**** AVAILABLE DATA
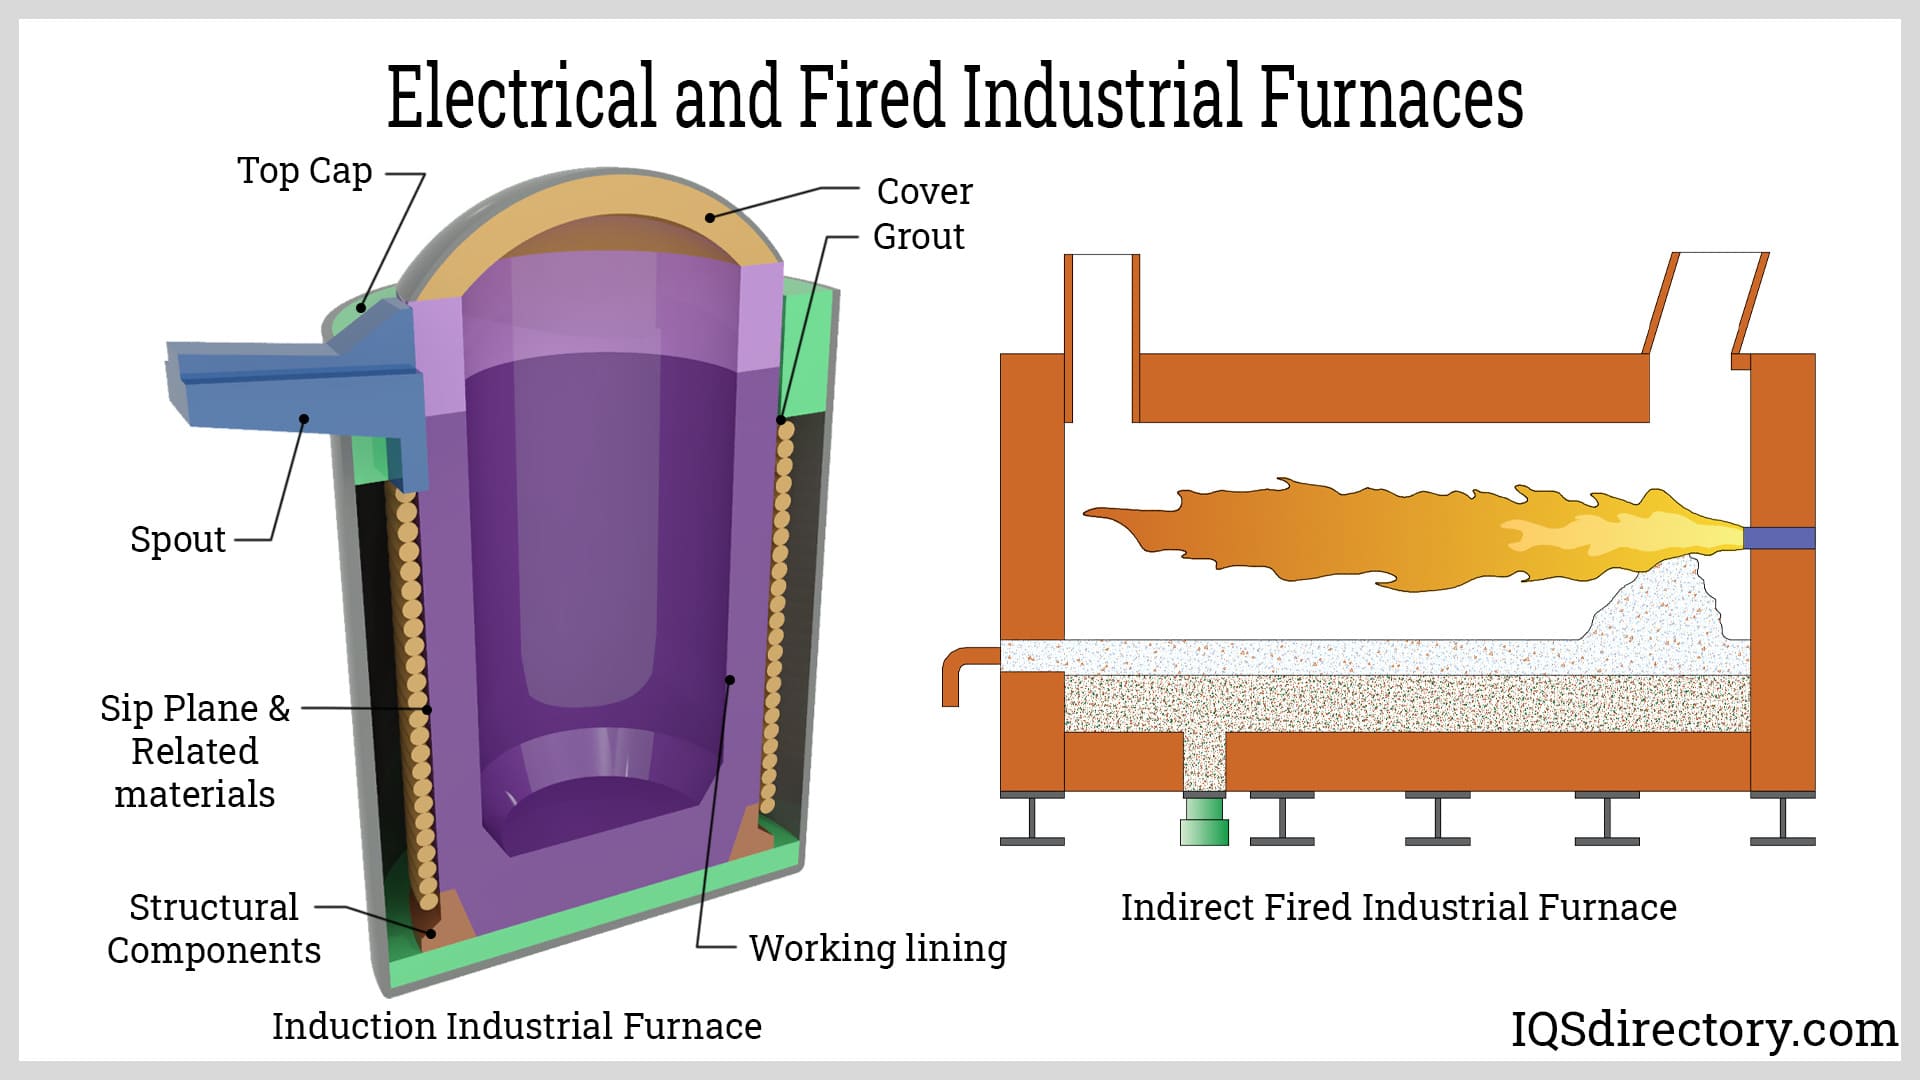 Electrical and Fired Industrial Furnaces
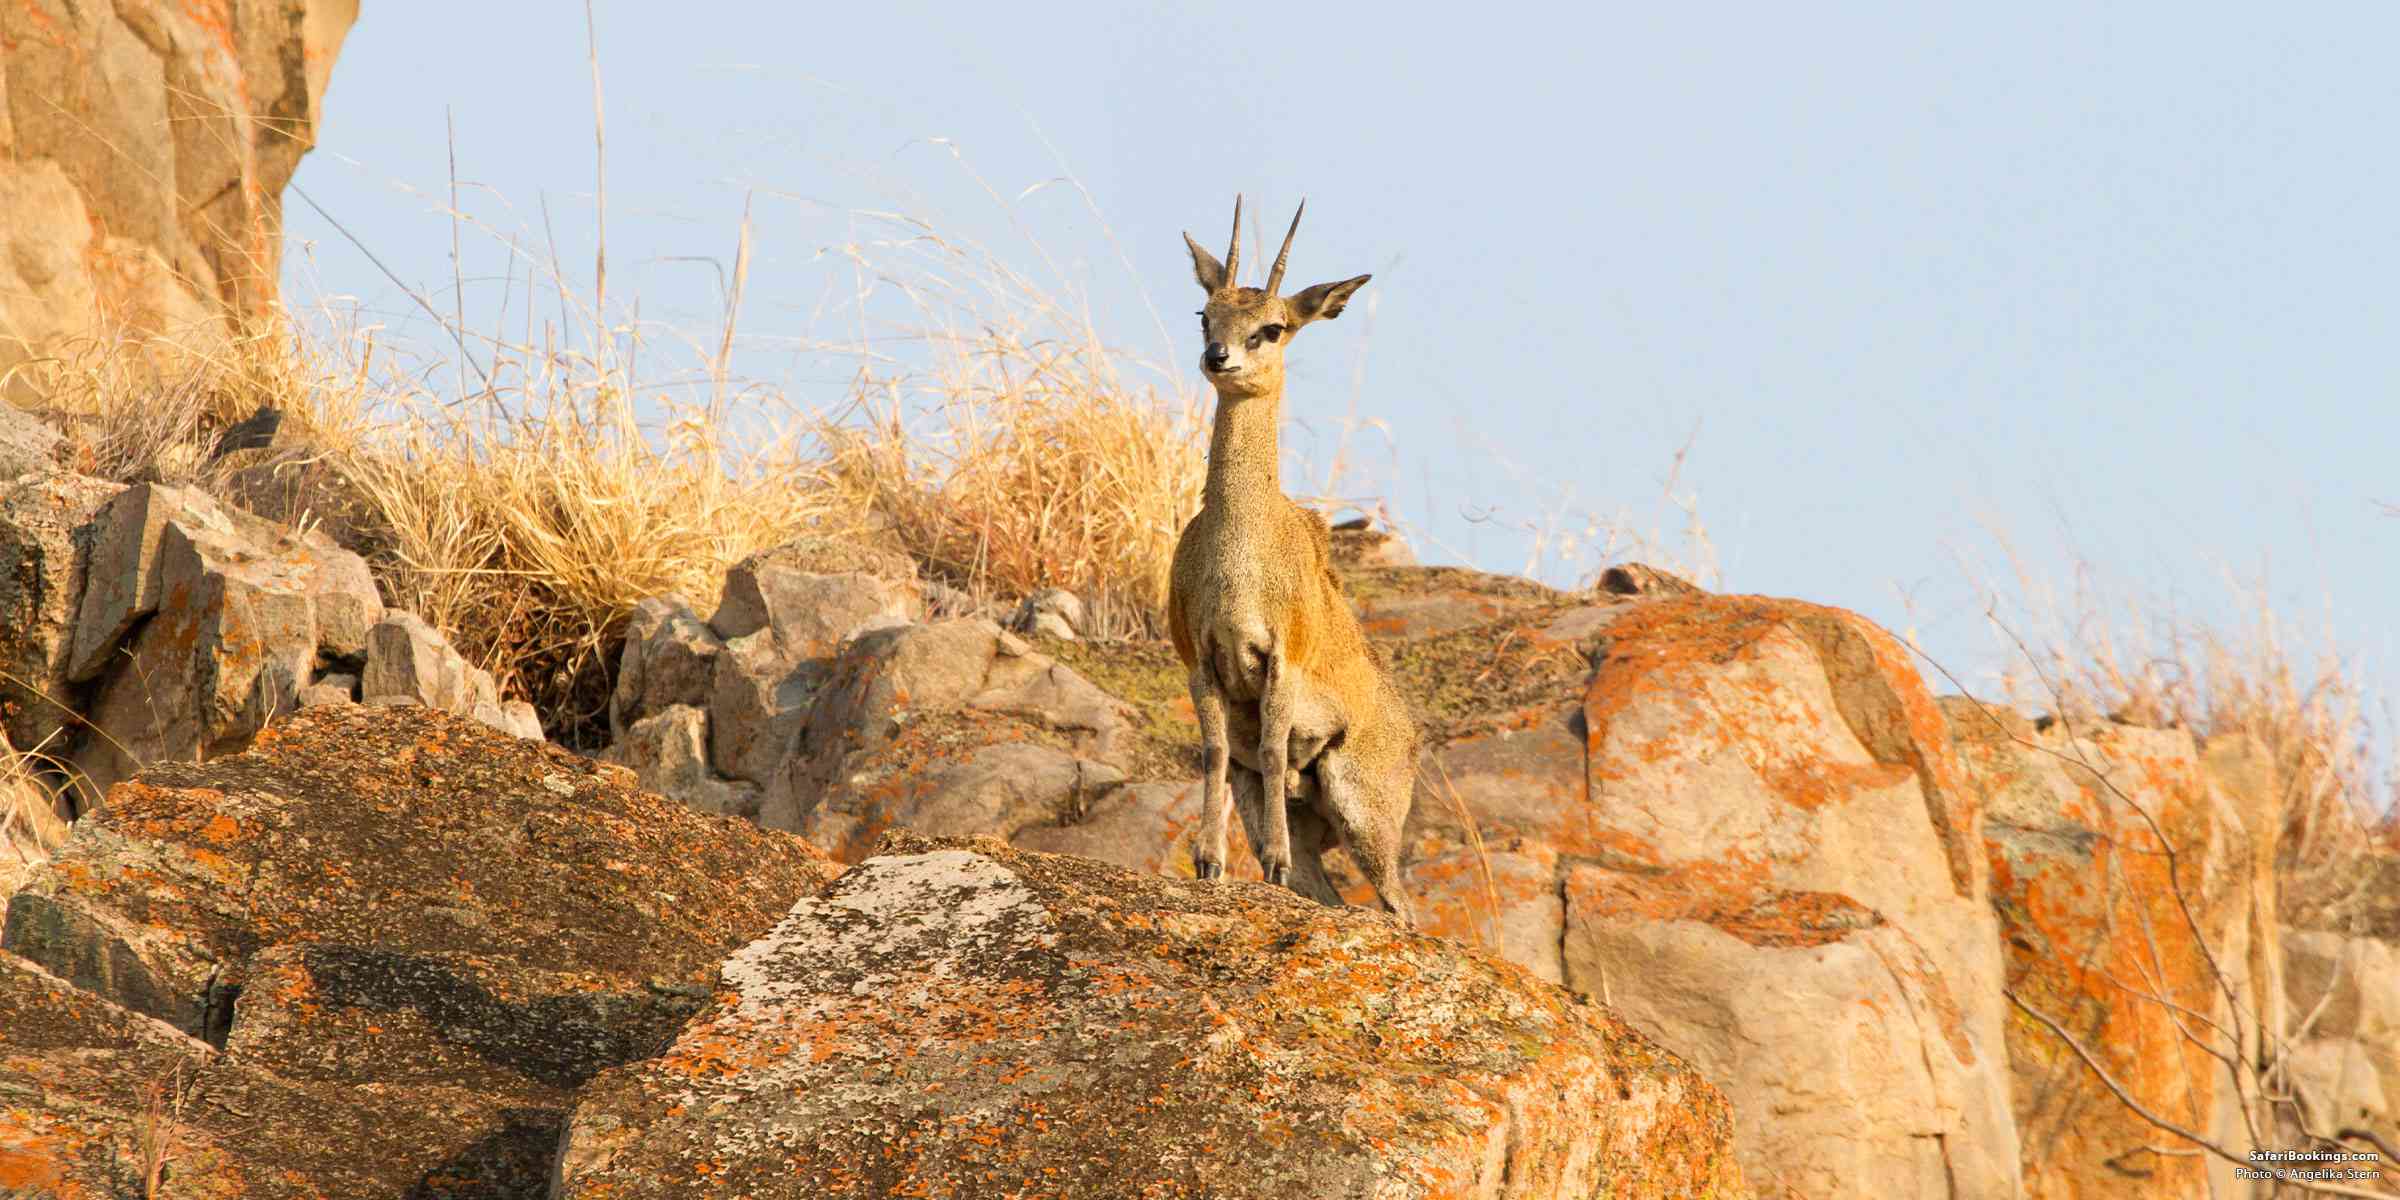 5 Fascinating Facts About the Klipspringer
********
**** AVAILABLE DATA
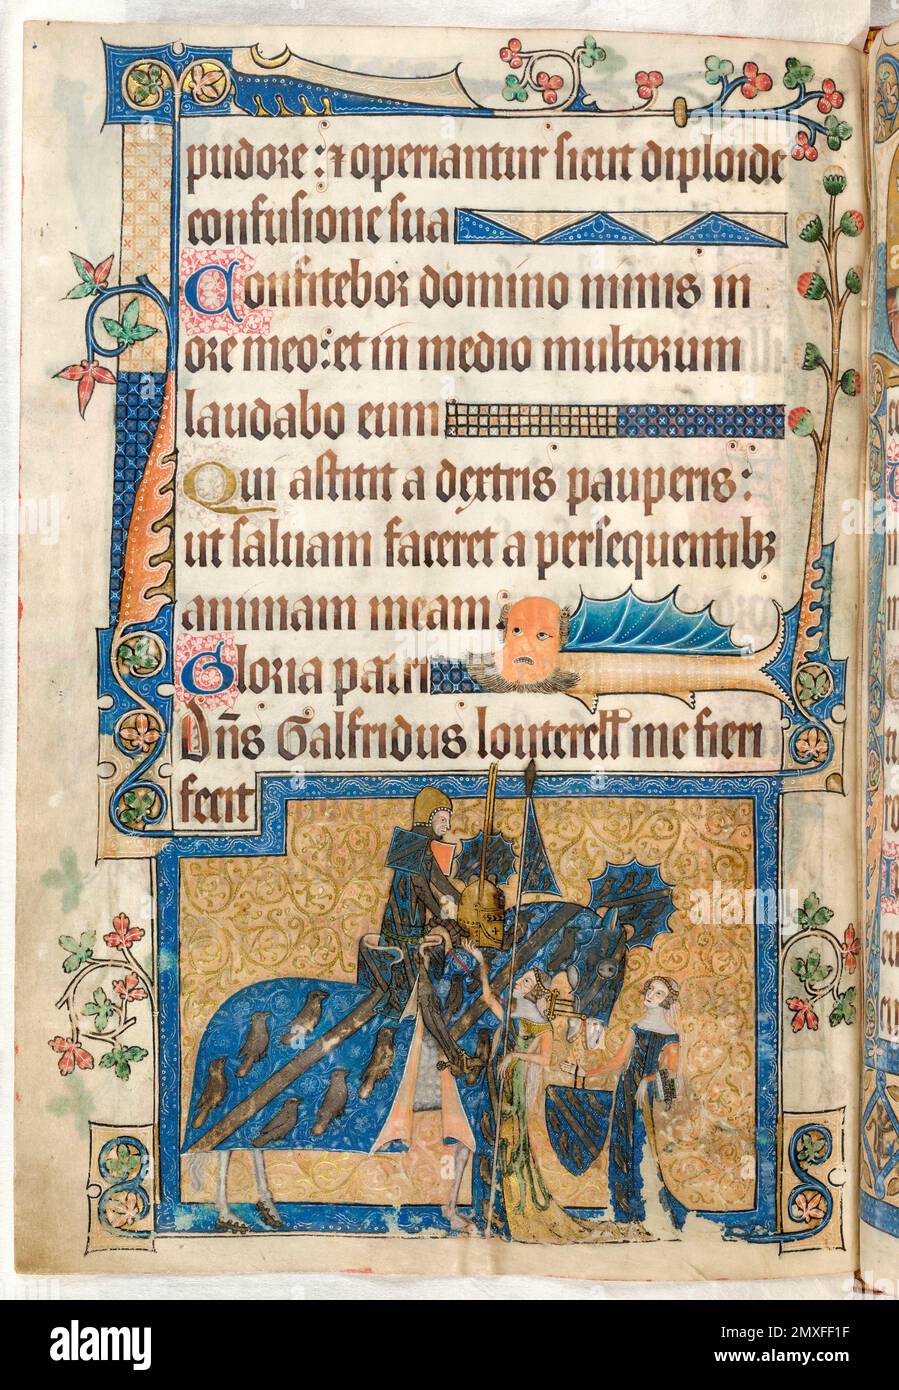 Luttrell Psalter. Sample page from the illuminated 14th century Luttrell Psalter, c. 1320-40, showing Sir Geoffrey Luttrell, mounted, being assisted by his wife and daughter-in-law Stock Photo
********
**** AVAILABLE DATA
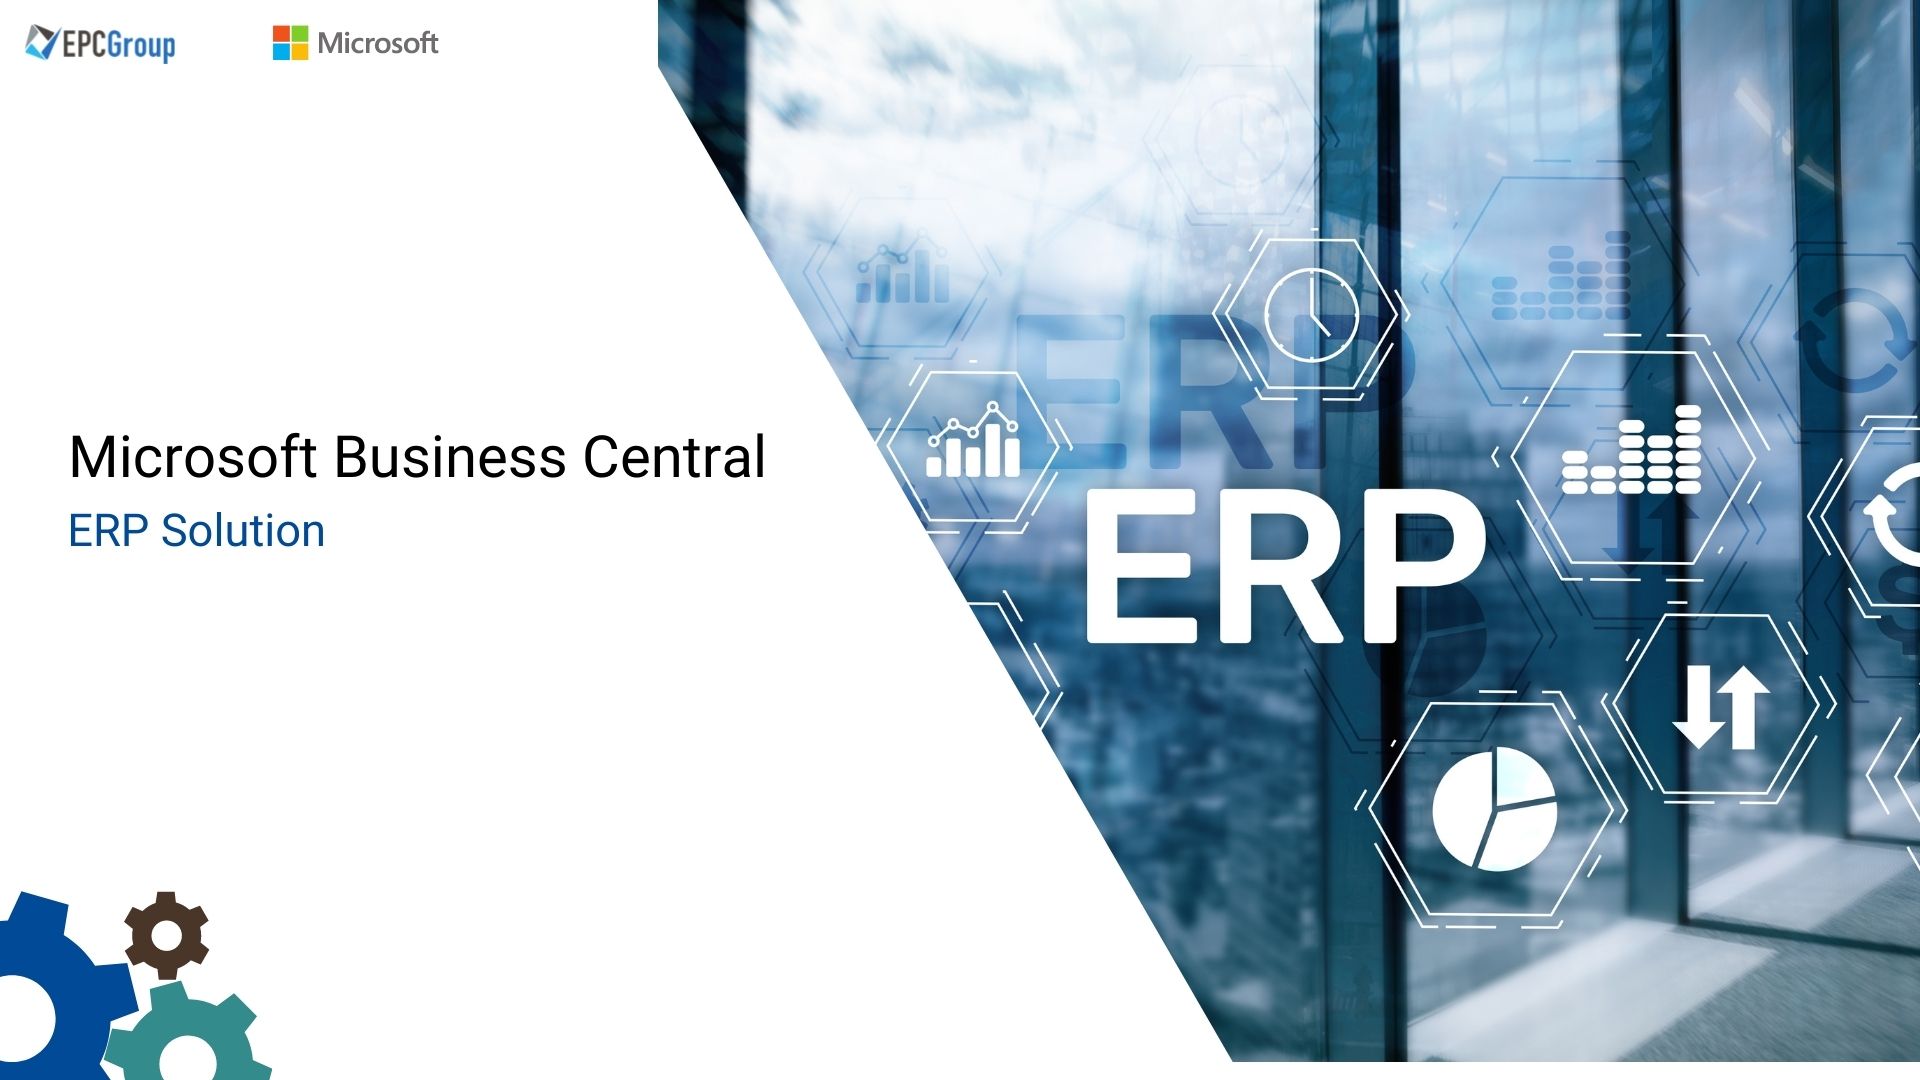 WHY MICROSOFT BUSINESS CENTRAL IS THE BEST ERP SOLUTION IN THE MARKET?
********
◆ **DIRECTIONS FOR THIS TASK**:
Copy out exactly the material that runs from the line with "Electrical and Fired Industrial Furnaces" to the line with "5 Fascinating Facts About the Klipspringer", ends included, and leave the pictures behind.

◆ **RESULT OF THIS TASK**:
 Electrical and Fired Industrial Furnaces
 5 Fascinating Facts About the Klipspringer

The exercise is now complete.